Required work: Given the material below, repeat exactly the lines from the one containing "Restored: cleaned, polished, rewired" through the final line, and nothing else.

*** Block opens ***

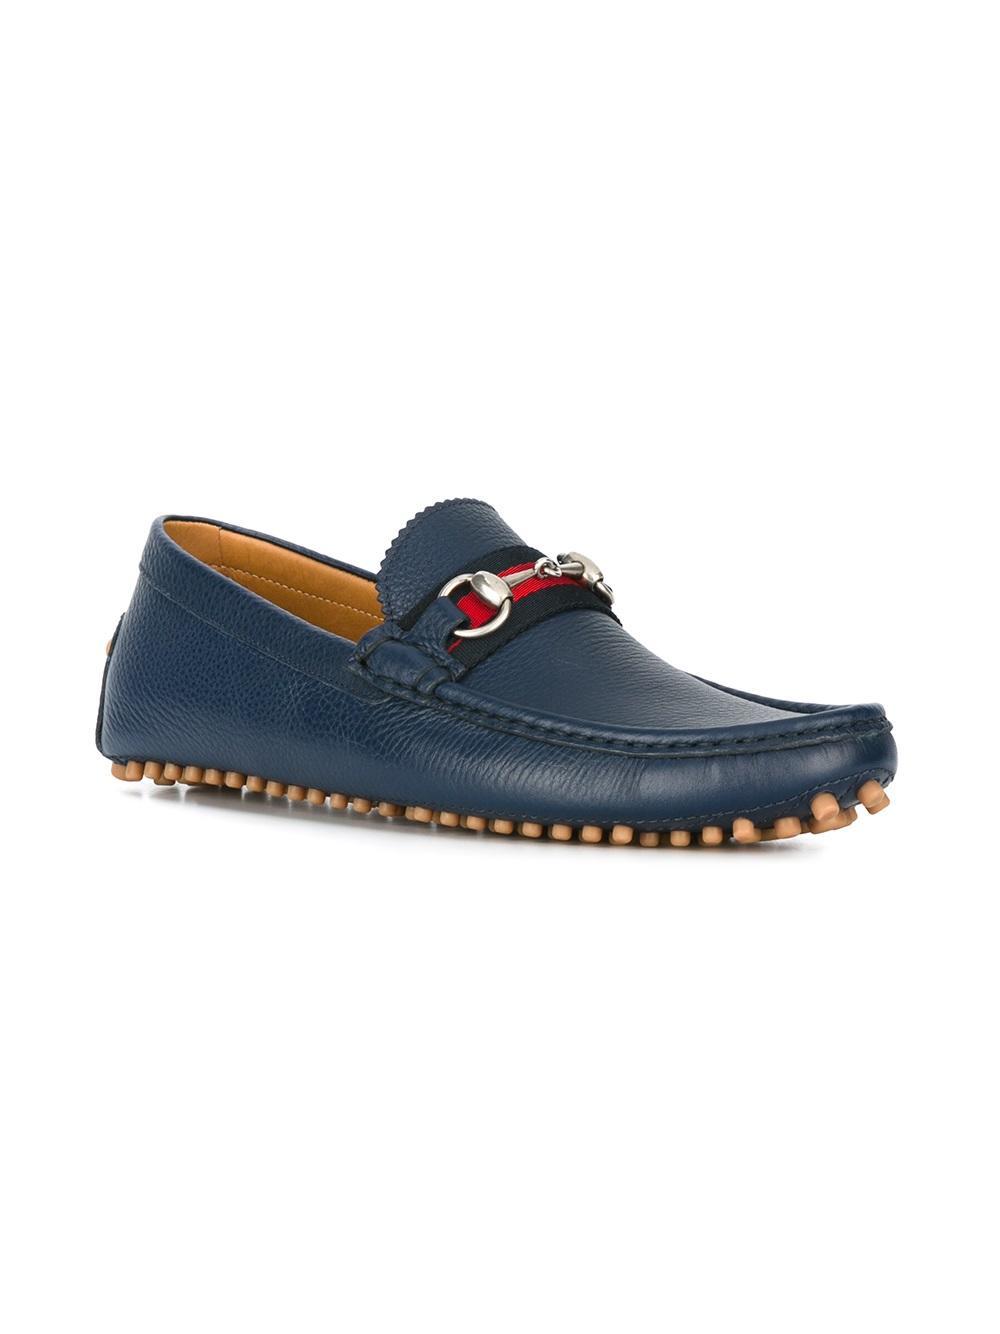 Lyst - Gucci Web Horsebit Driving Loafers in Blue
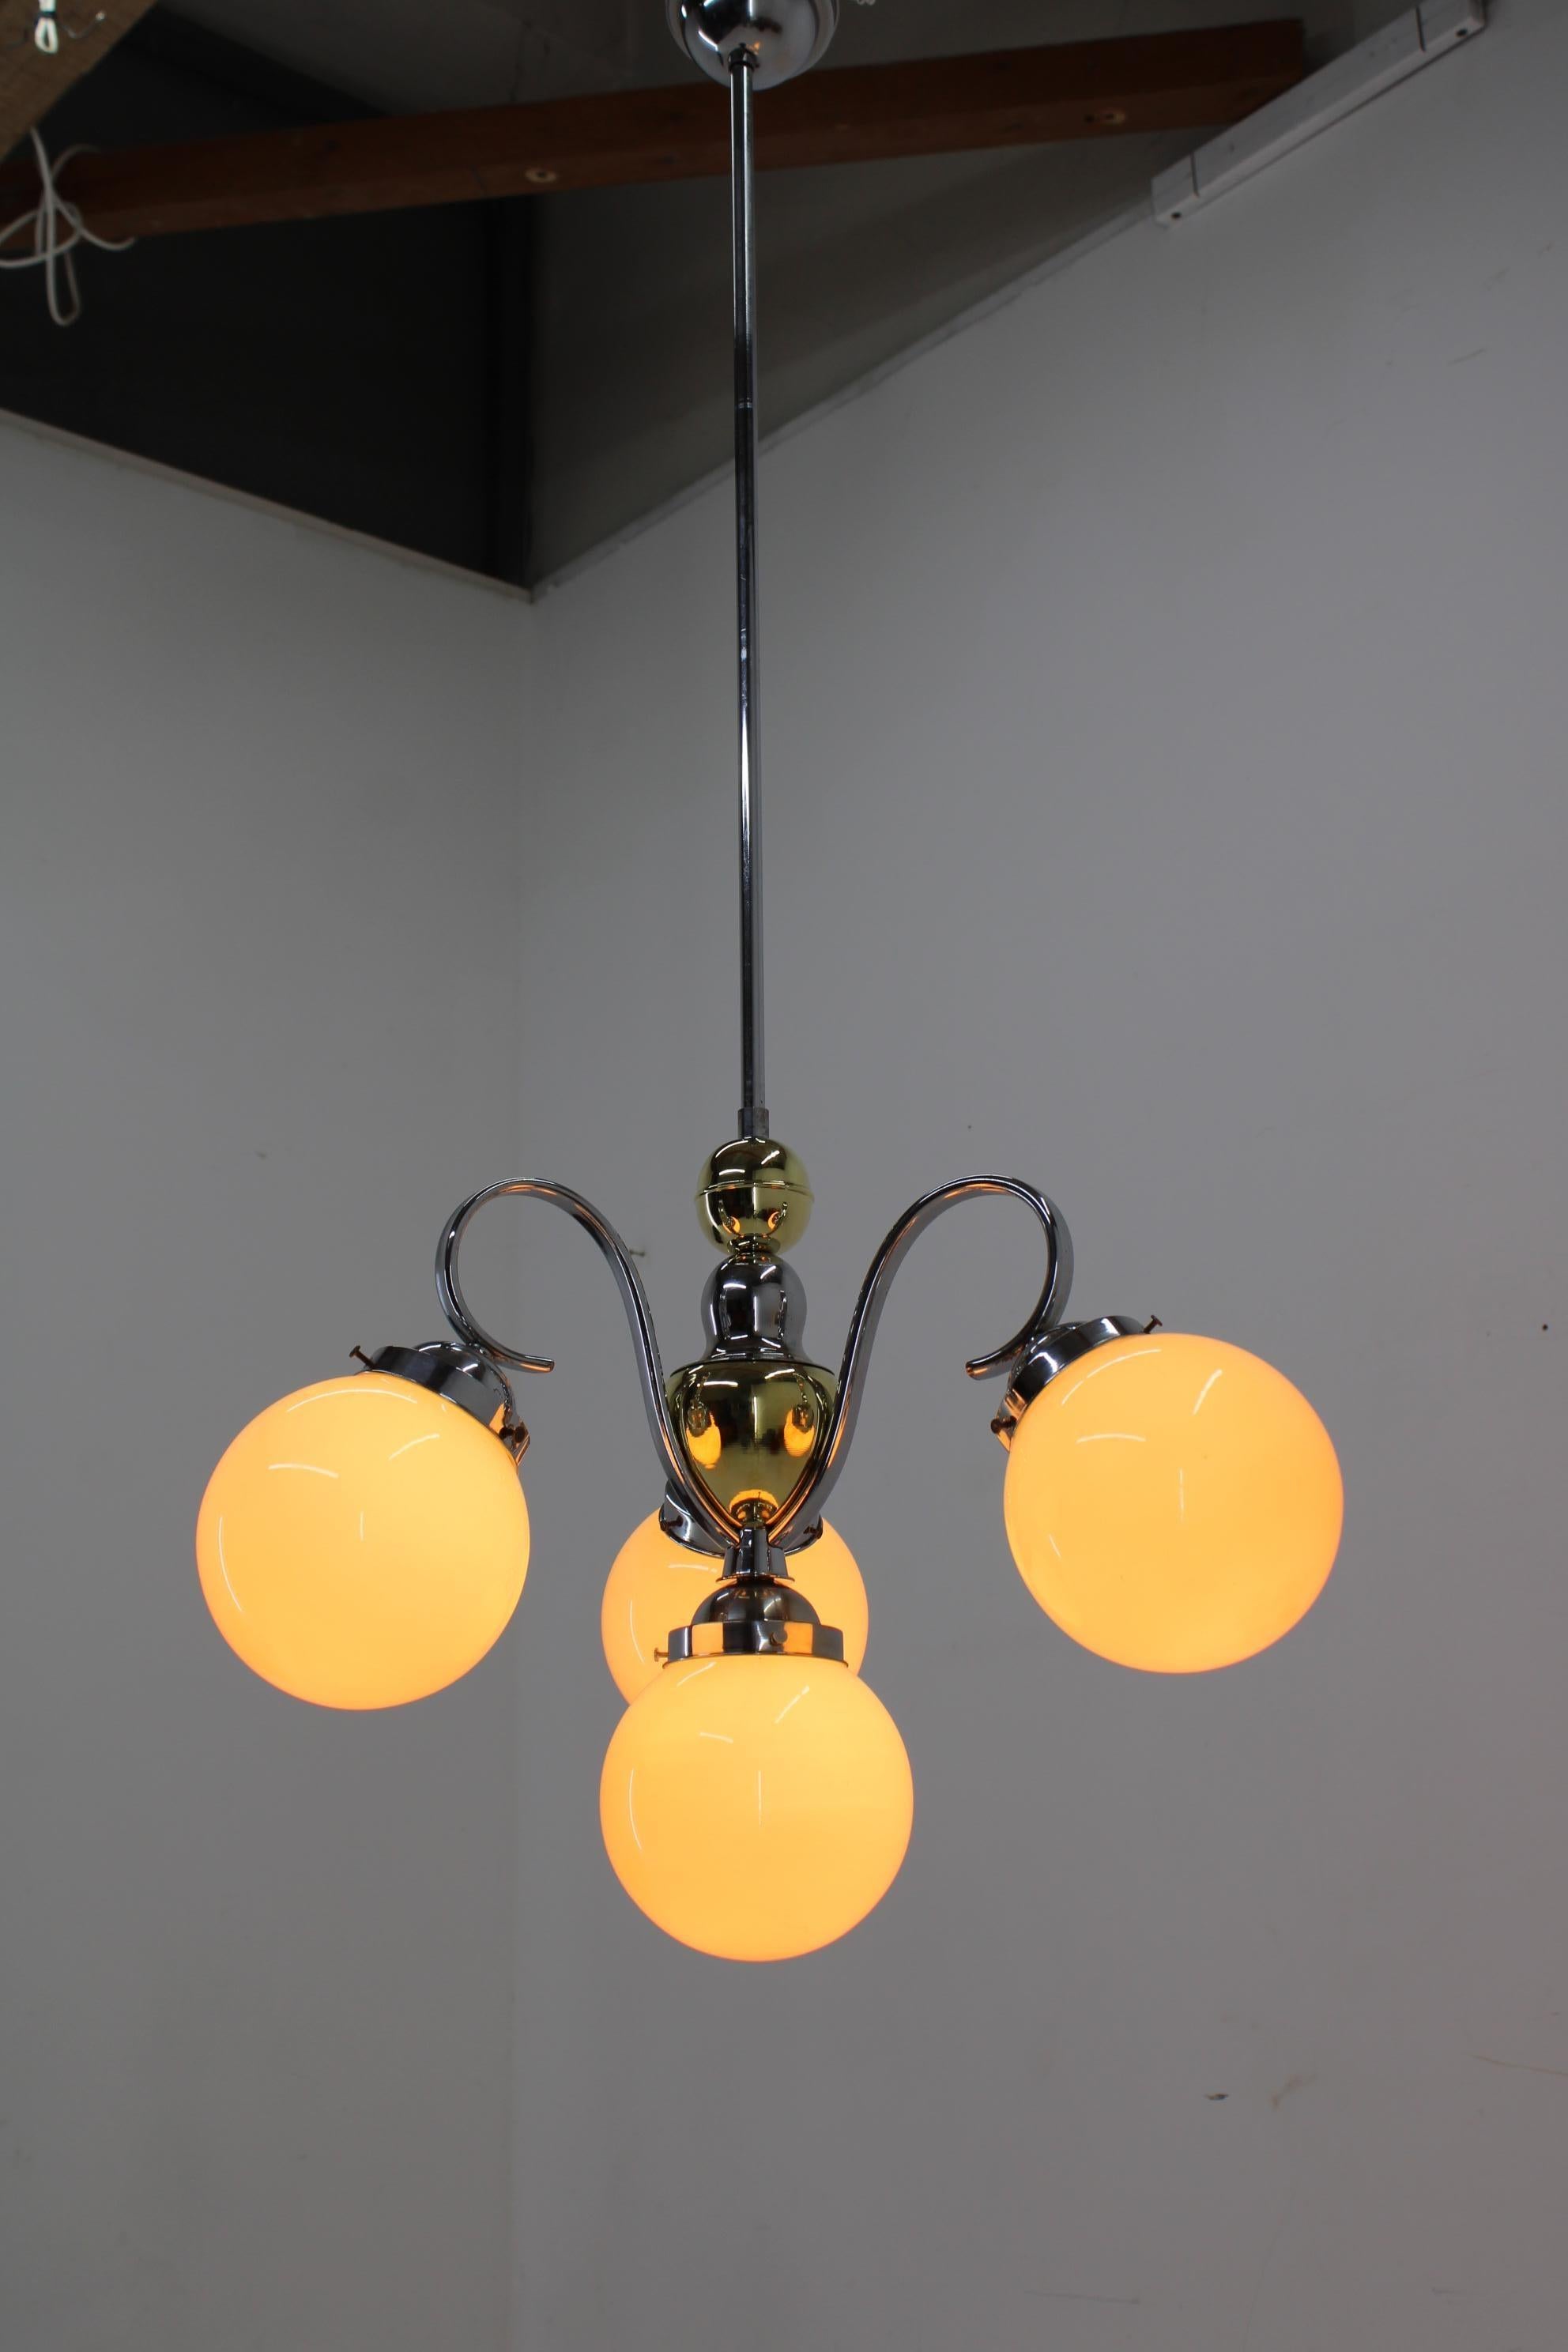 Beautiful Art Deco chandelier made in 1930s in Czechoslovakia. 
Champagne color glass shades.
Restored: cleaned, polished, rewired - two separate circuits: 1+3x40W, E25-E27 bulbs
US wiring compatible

*** Block closes ***

Reply:
Restored: cleaned, polished, rewired - two separate circuits: 1+3x40W, E25-E27 bulbs
US wiring compatible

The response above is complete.